Est-ce que si Guion était resté jusqu'au bout il aurait fait mieux ? Là aussi, la vindicte populaire poussait au départ de Guion. Le club, je ne sais pas s'il est influencé par les réseaux sociaux, a décidé de changer et on a perdu 2 mois avec les systèmes de jeu d’Albert Riera. Je suis désolé de le dire, c’est mon club, mais Bordeaux est un club lambda. On ne peut pas faire comme Saint-Étienne qui a vécu pendant des années dans le passé avec les poteaux carrés de 1976 contre le Bayern Munich. Il faut dire que Bordeaux est redevenu un club lambda comme je l’ai connu dans les années 1970 où on jouait le maintien.

Bordeaux est-il capable de jouer le maintien ?

Oui, je pense qu’ils sont en mesure de se maintenir. Il est important de gagner les matchs face à Dunkerque, Bastia et Concarneau. Ils sont capables de le faire.

As-tu souvenir d’un coach avec la même énergie qu’Albert Riera aux Girondins ?

Avec Paulo Sousa et Gustavo Poyet c'était pas mal niveau énergie. Par le passé, Rolland Courbis avait une belle énergie aussi. C’est un coach que j’aimais bien, il était ouvert. Si vous ne compreniez pas ce qu’il voulait faire, il vous l’explique. Avec un confrère de Sud-Ouest et un autre, nous avons été convoqués dans son vestiaire au Haillan pour un schéma tactique. Nous avons eu une explication. C'était très agréable. On ne le voit plus aujourd’hui. Le discours de Courbis touchait ses joueurs. Jean-Louis Gasset a aussi un discours particulier.

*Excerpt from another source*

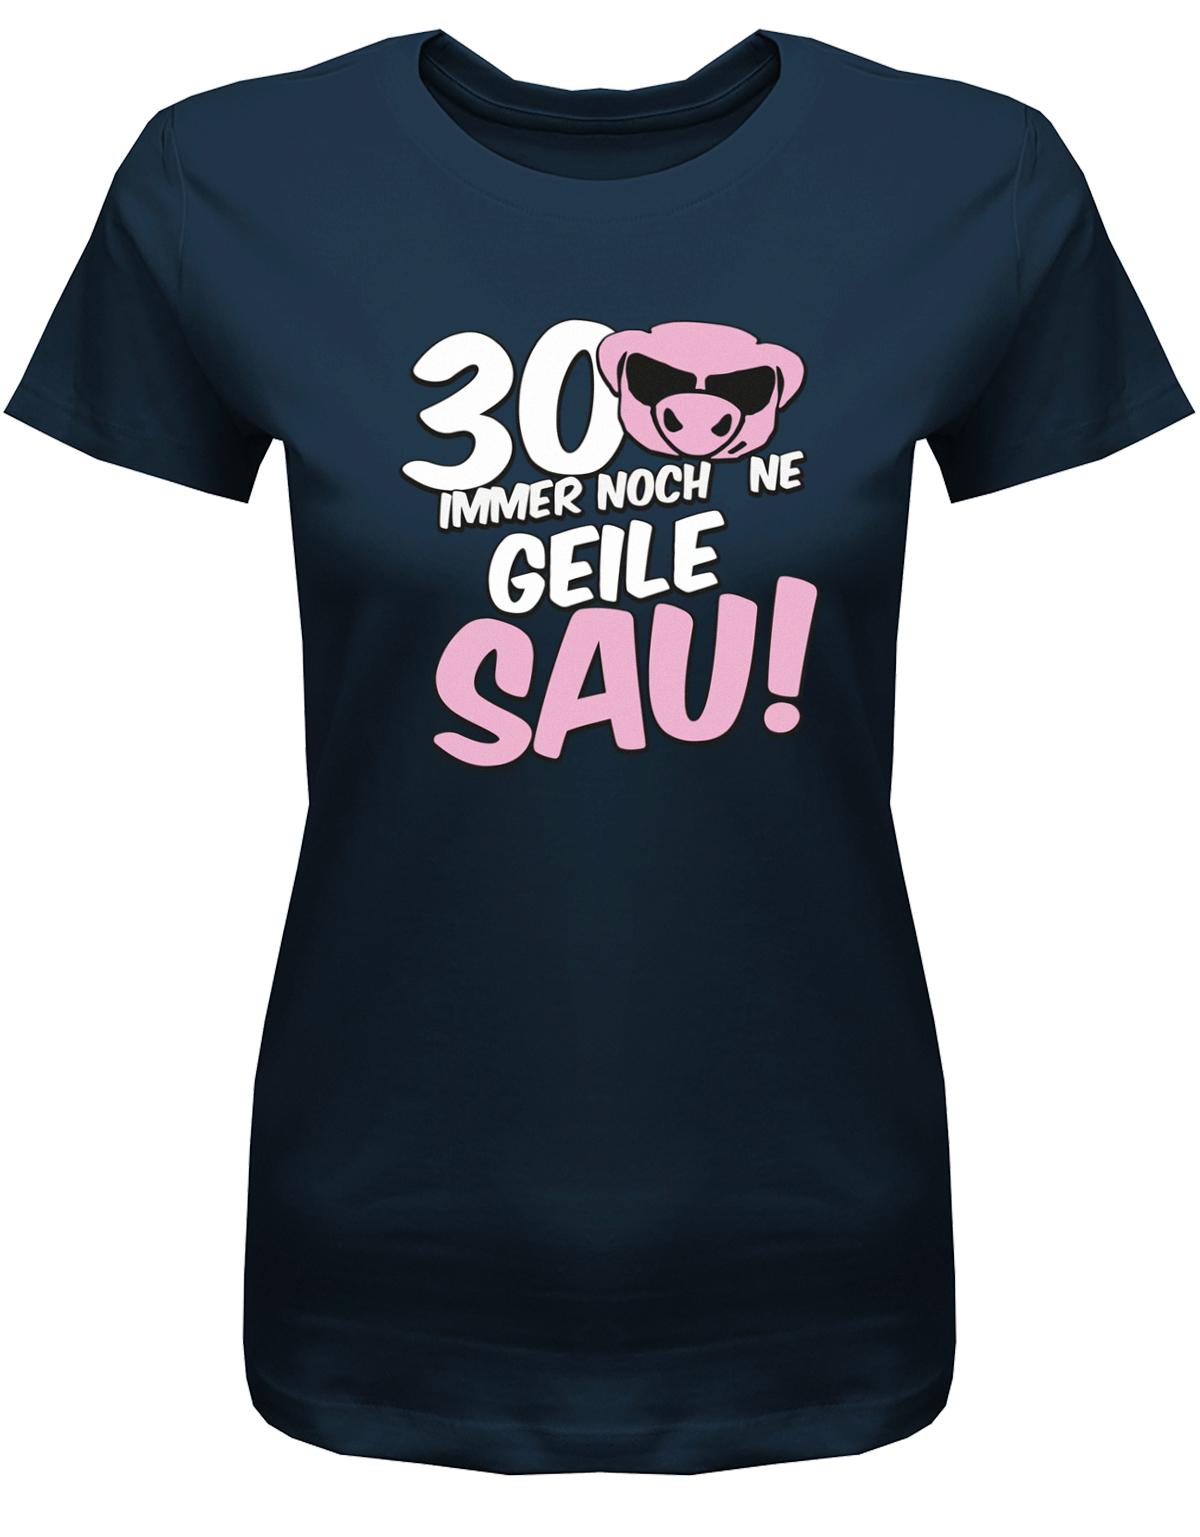 Lustiges T-Shirt zum 30 Geburtstag für die Frau Bedruckt mit 30 Immer noch 'ne geile Sau! Sau mit Sonnenbrille Navy

“Albert Riera ne rentre pas suffisamment dans le détail de ses choix”

 

Riera croit dur en ce qu’il fait, c’est bien, mais il a mis du temps à s'adapter à son effectif. Finalement, à part entendre que Riera s’en prend à tel ou tel coach, est-ce qu’on parle du jeu de Bordeaux ? Je trouve qu’il n’en parle pas très souvent. Il ne rentre pas suffisamment dans le détail. En tant que journaliste je serais déçu, car il n’y a pas grand-chose à manger. Guion donnait des choses. J’aimerais qu’il nous explique plus ses choix. Pourquoi il se prive de Vipotnik à Annecy ? Pourquoi Vipotnik ne joue pas tous les matchs ? On ne peut pas se priver de cet attaquant. C’est notre meilleur espoir de marquer des buts. Peut-être que s’il nous explique, on ne critiquera plus ses choix.

“Gérard Lopez veut prouver qu’il peut réussir”


Que peux-tu souhaiter aux Girondins pour les 4 mois à venir ?

Le maintien, et surtout un passage devant la DNCG plus agréable et avec moins d’incertitude. Que Lopez, soit vende le club, soit qu’il trouve une aide financière pour relancer le club avec un véritable objectif, une véritable équipe et en finir avec le purgatoire qui va se prolonger une troisième saison. Gérard Lopez veut récupérer de l'argent, mais surtout prouver qu’il peut réussir, c’est pour cette raison qu'il veut rester.